● Work required: Each line of the listing where "after" appears should be reported.

====== Provided data

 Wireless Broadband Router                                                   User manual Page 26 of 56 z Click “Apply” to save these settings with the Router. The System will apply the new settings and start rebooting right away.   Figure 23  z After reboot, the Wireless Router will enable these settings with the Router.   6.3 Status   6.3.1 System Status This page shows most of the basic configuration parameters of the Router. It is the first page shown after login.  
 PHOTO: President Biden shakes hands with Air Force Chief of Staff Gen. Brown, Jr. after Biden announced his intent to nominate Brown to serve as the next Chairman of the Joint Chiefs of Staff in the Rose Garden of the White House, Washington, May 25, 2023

============
====== Provided data

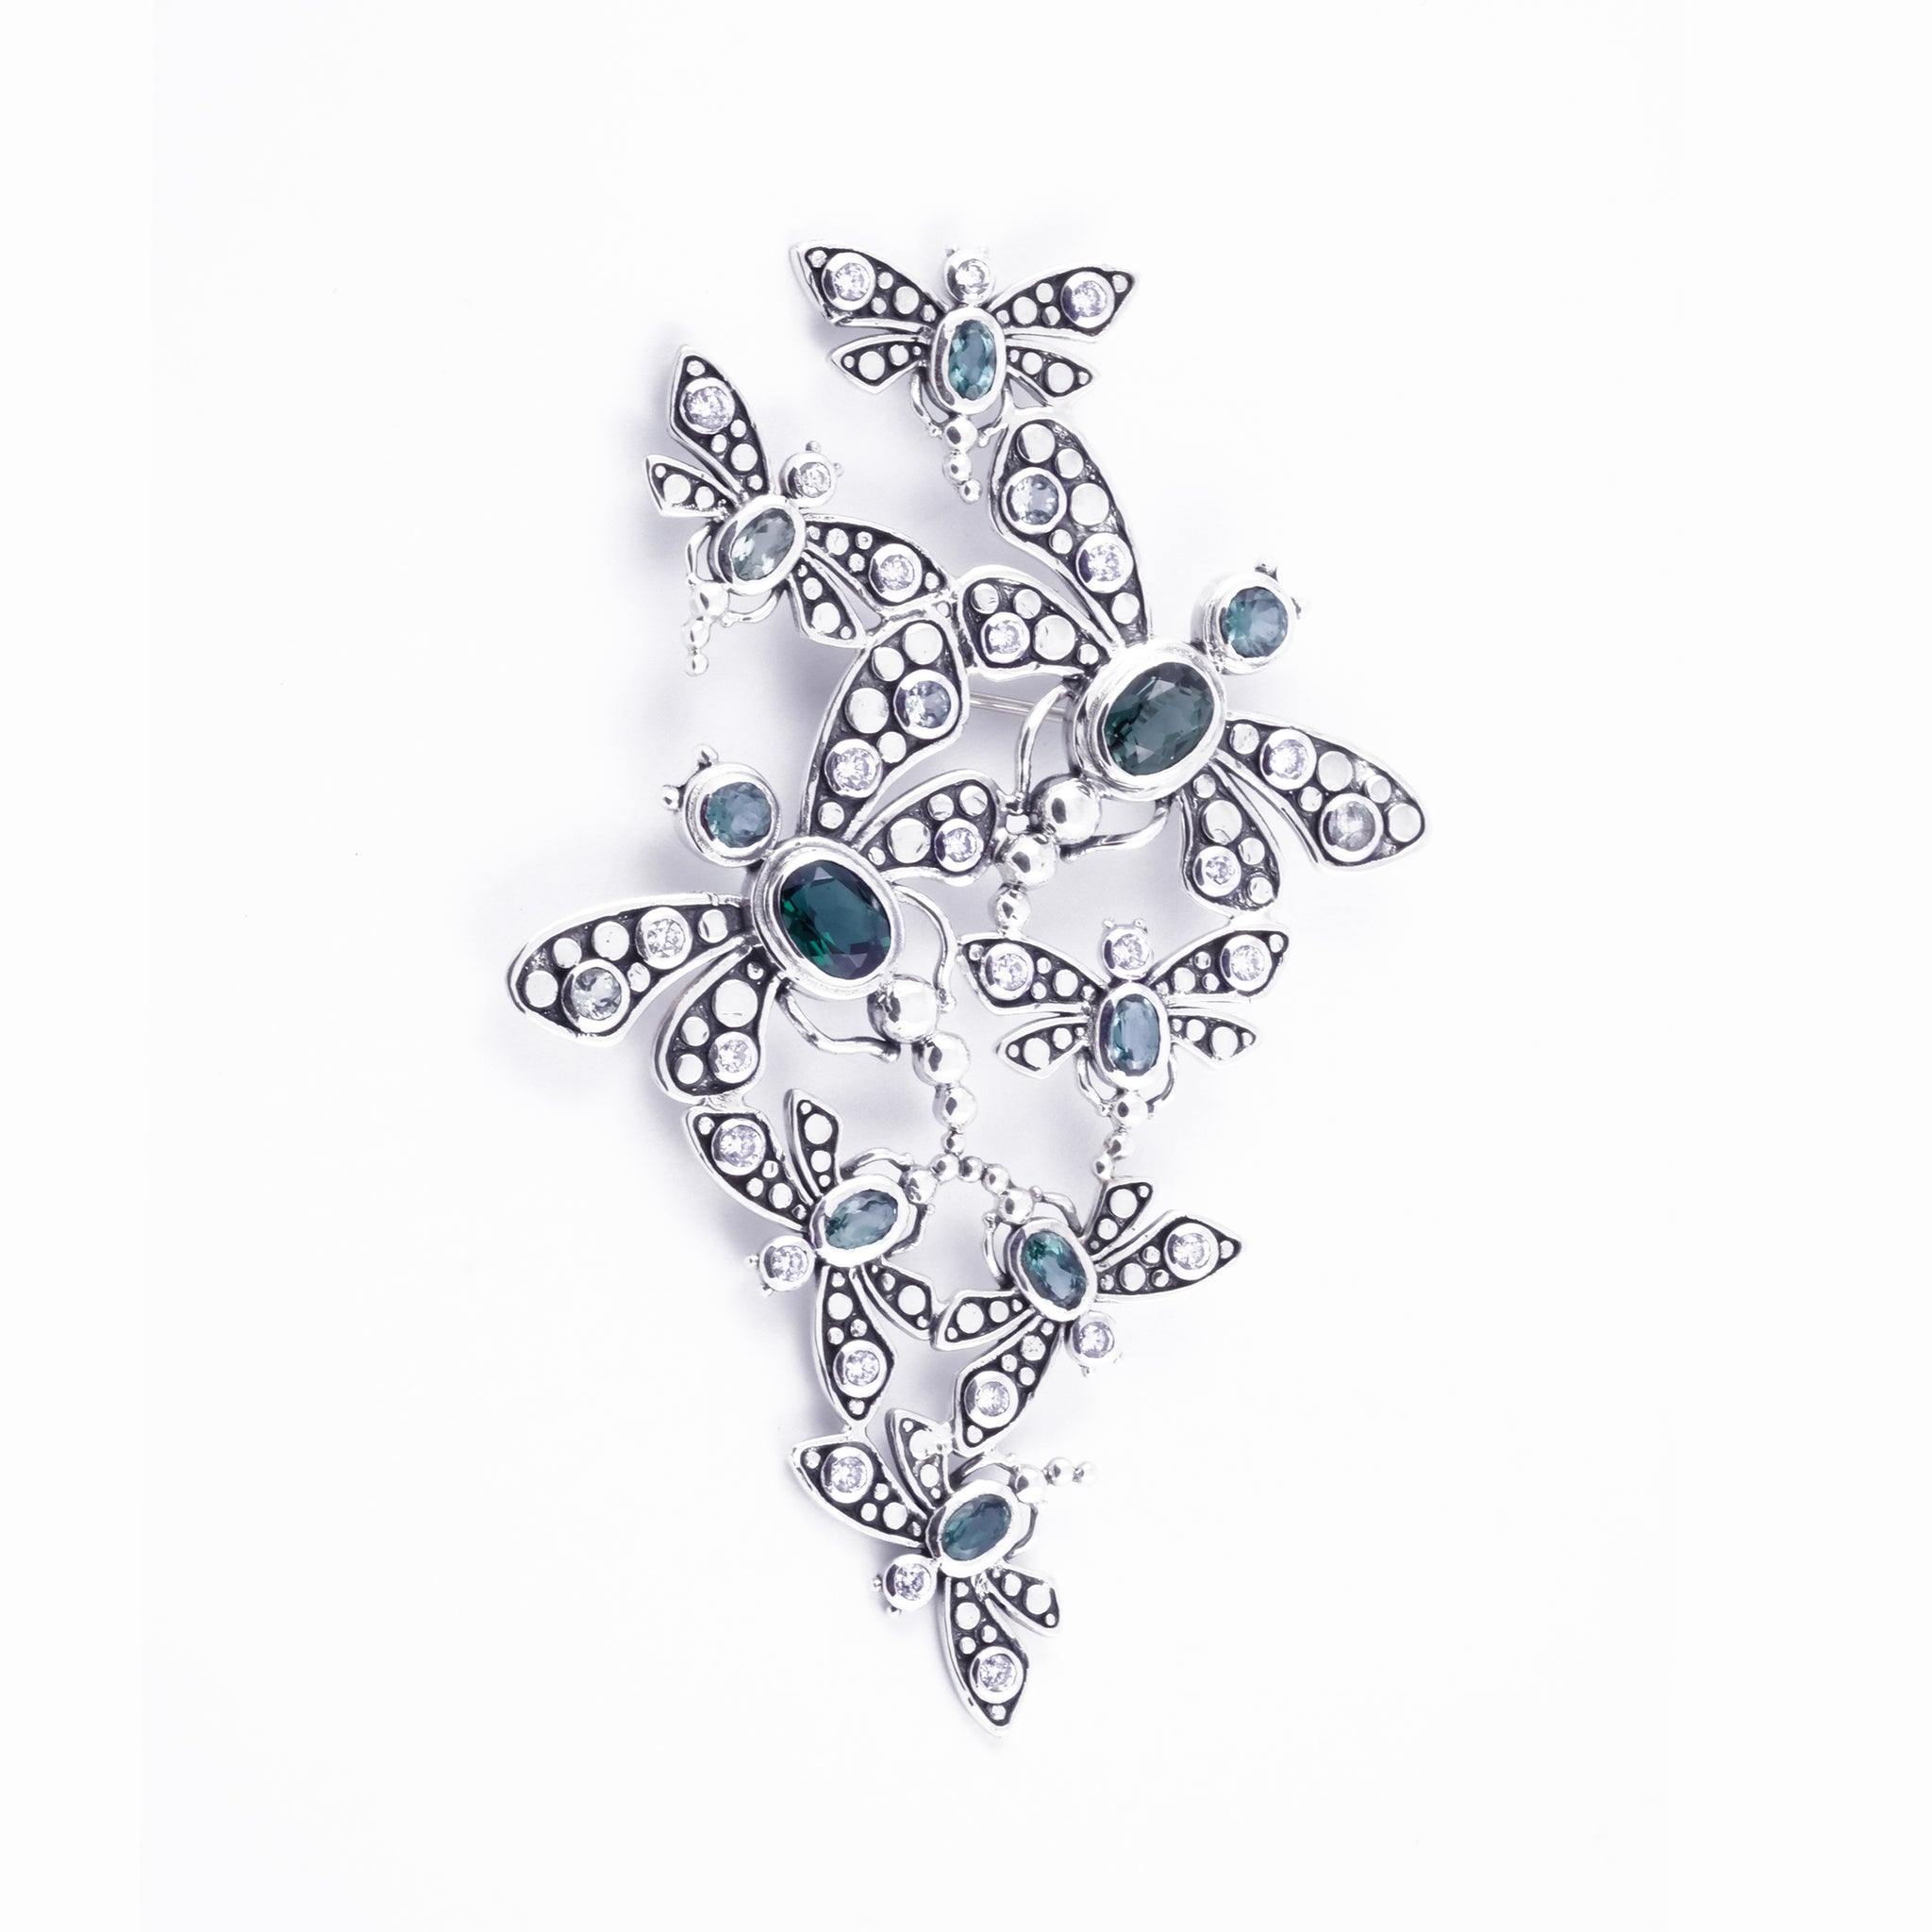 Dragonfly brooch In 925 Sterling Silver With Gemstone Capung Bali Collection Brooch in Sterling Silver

============

● Solution for this task:
 Wireless Broadband Router                                                   User manual Page 26 of 56 z Click “Apply” to save these settings with the Router. The System will apply the new settings and start rebooting right away.   Figure 23  z After reboot, the Wireless Router will enable these settings with the Router.   6.3 Status   6.3.1 System Status This page shows most of the basic configuration parameters of the Router. It is the first page shown after login.  
 PHOTO: President Biden shakes hands with Air Force Chief of Staff Gen. Brown, Jr. after Biden announced his intent to nominate Brown to serve as the next Chairman of the Joint Chiefs of Staff in the Rose Garden of the White House, Washington, May 25, 2023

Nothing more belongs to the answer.